The task: Only the pictures are dropped; the lines of the material that follow are returned exactly.
[[ Data open ]]
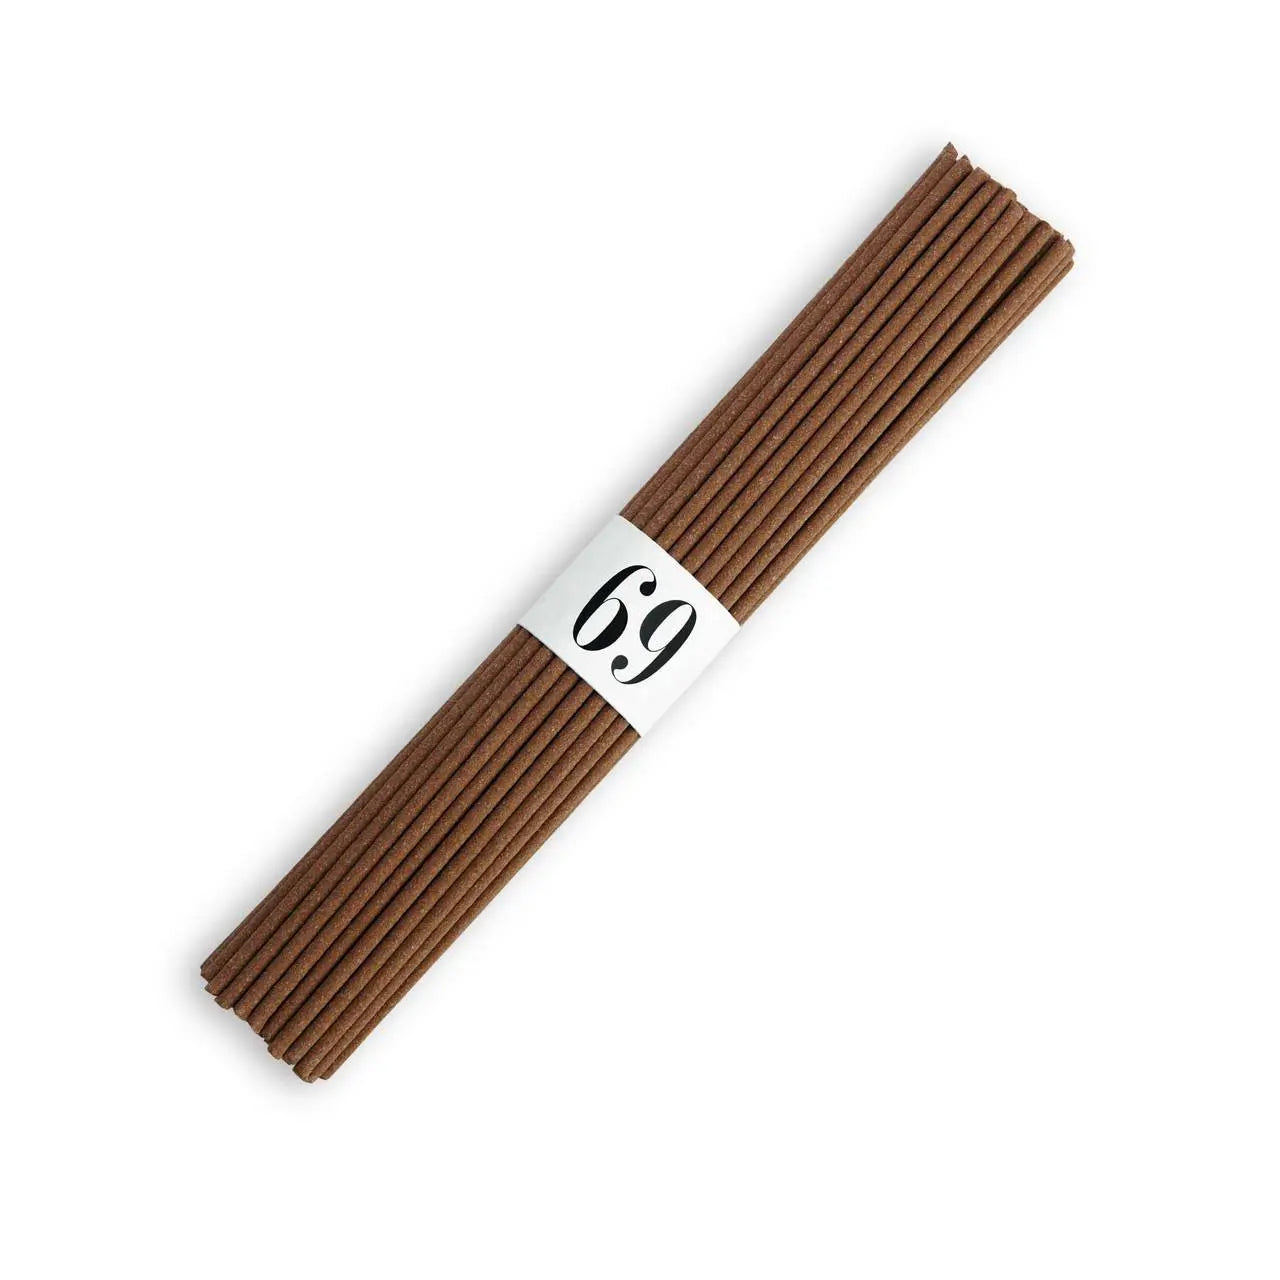 L'Objet Oh Mon Dieu! No. 69 Incense Sticks
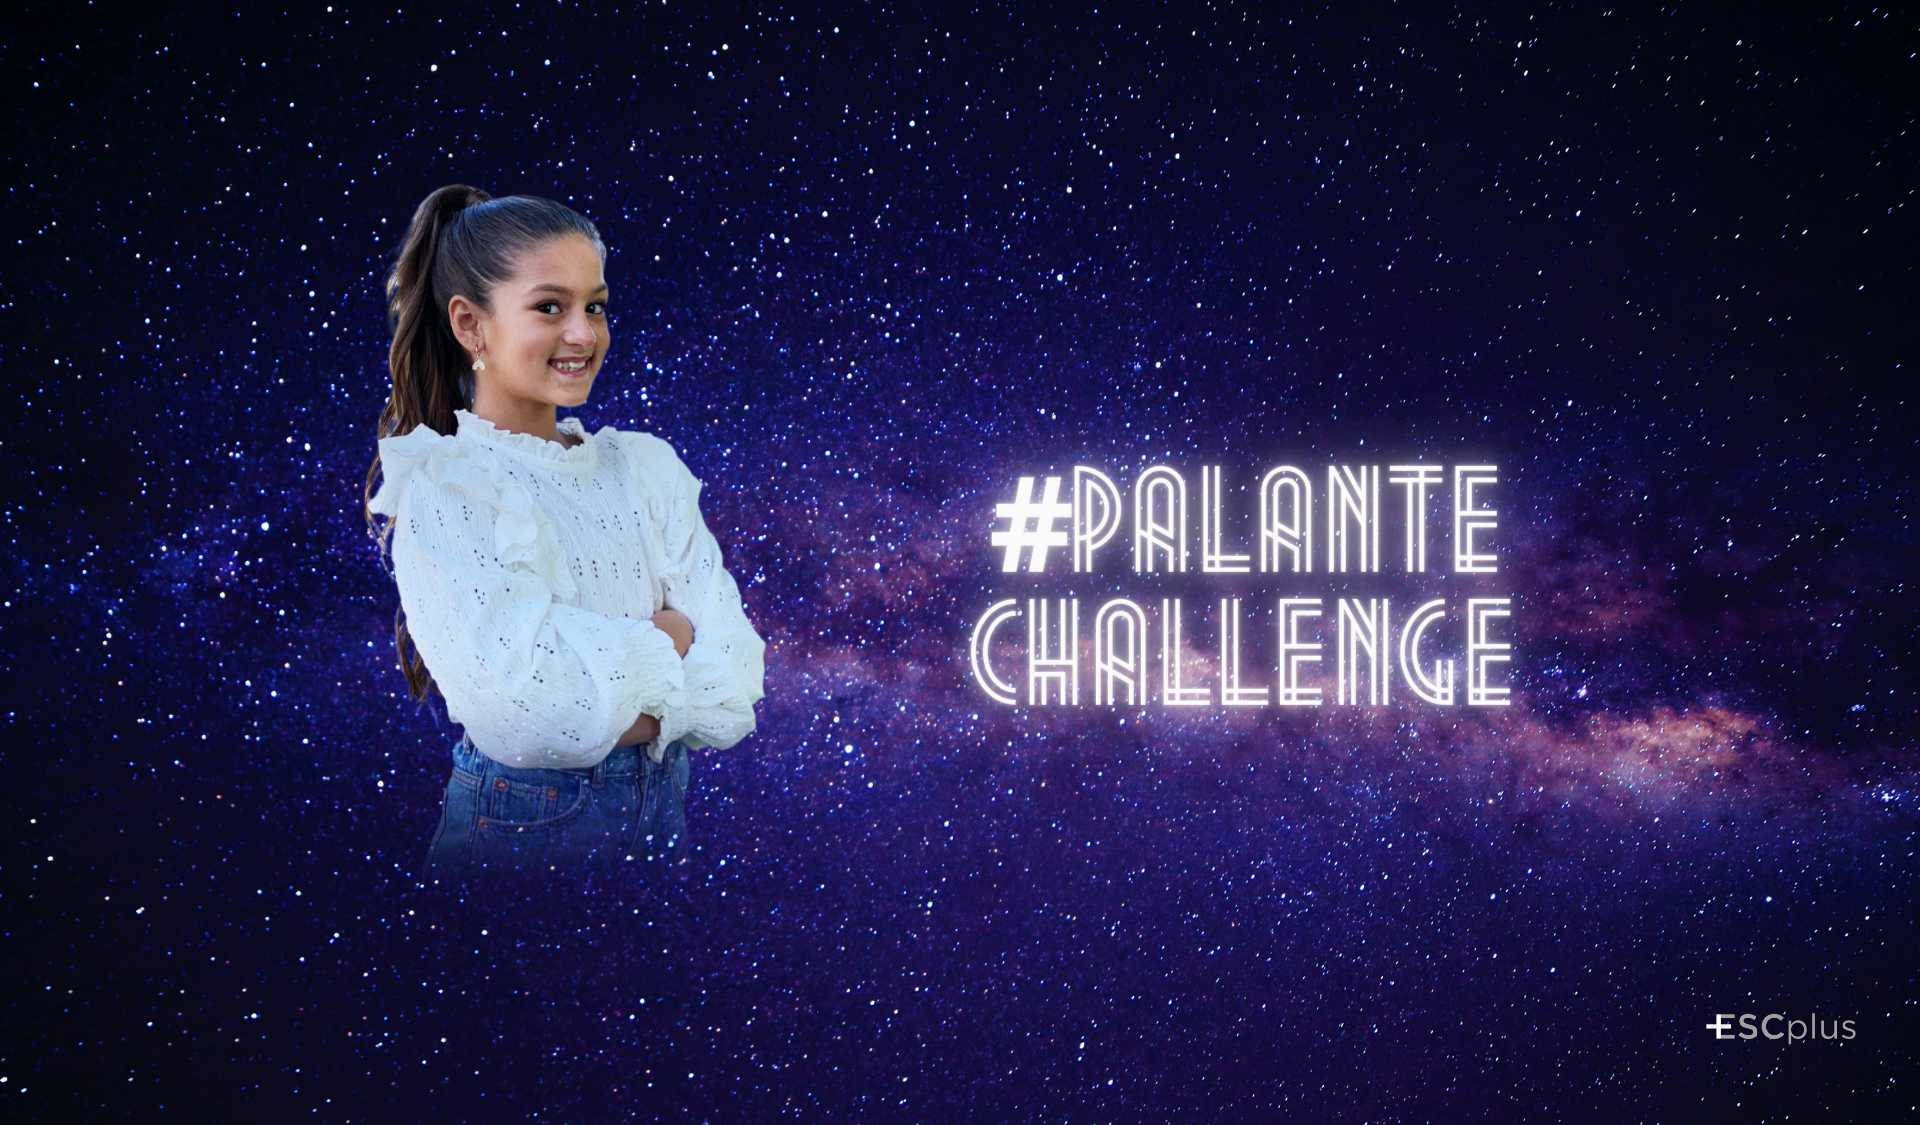 El #PalanteChallenge, la campaña de RTVE para que te aprendas la coreografía de Soleá en Eurovisión Junior
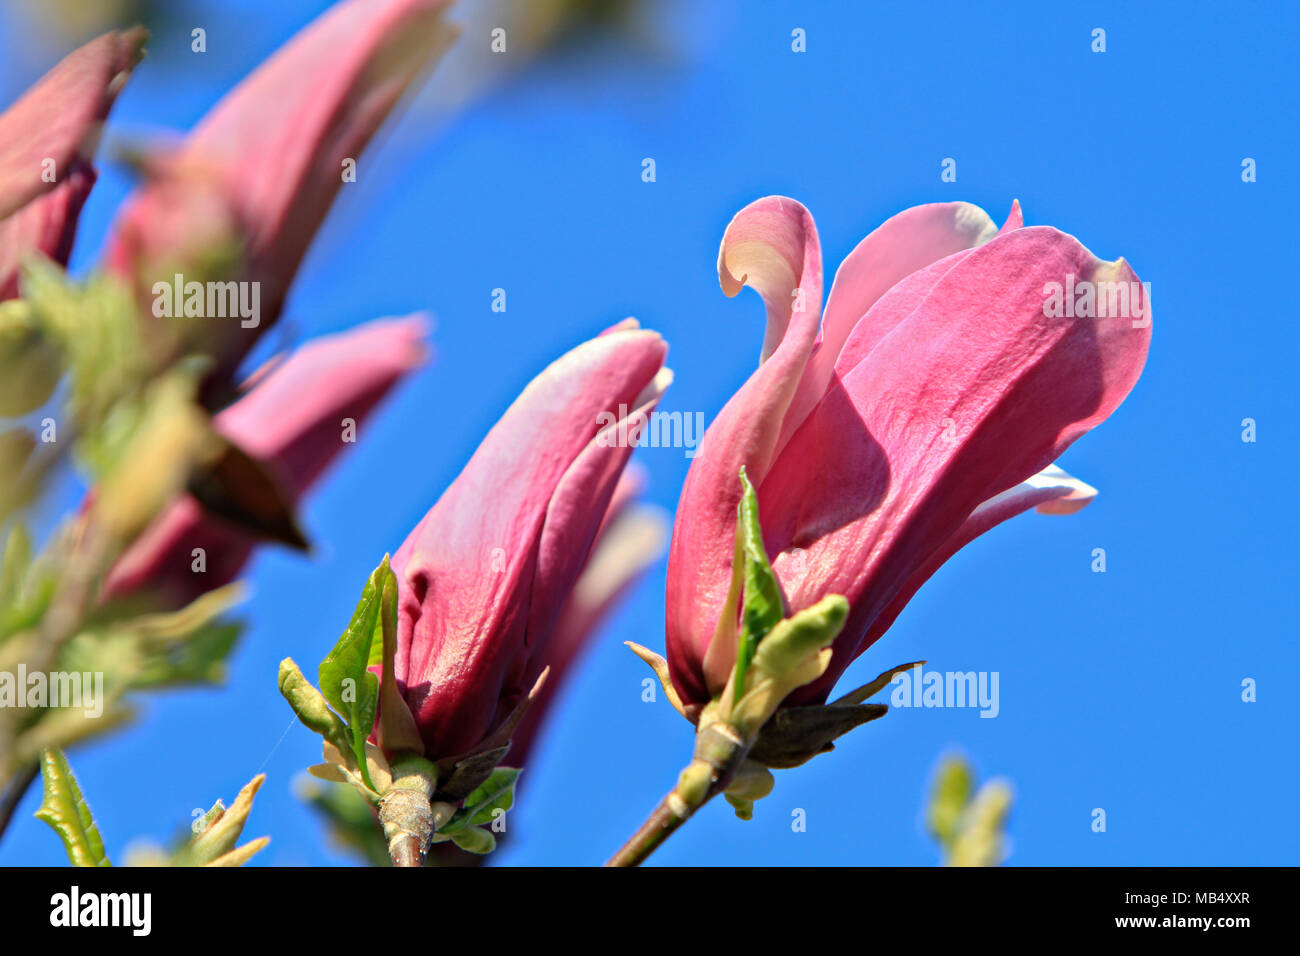 magnolia flowers Stock Photo
[[ Data closed ]]
Completed exercise:
 L'Objet Oh Mon Dieu! No. 69 Incense Sticks
 El #PalanteChallenge, la campaña de RTVE para que te aprendas la coreografía de Soleá en Eurovisión Junior
 magnolia flowers Stock Photo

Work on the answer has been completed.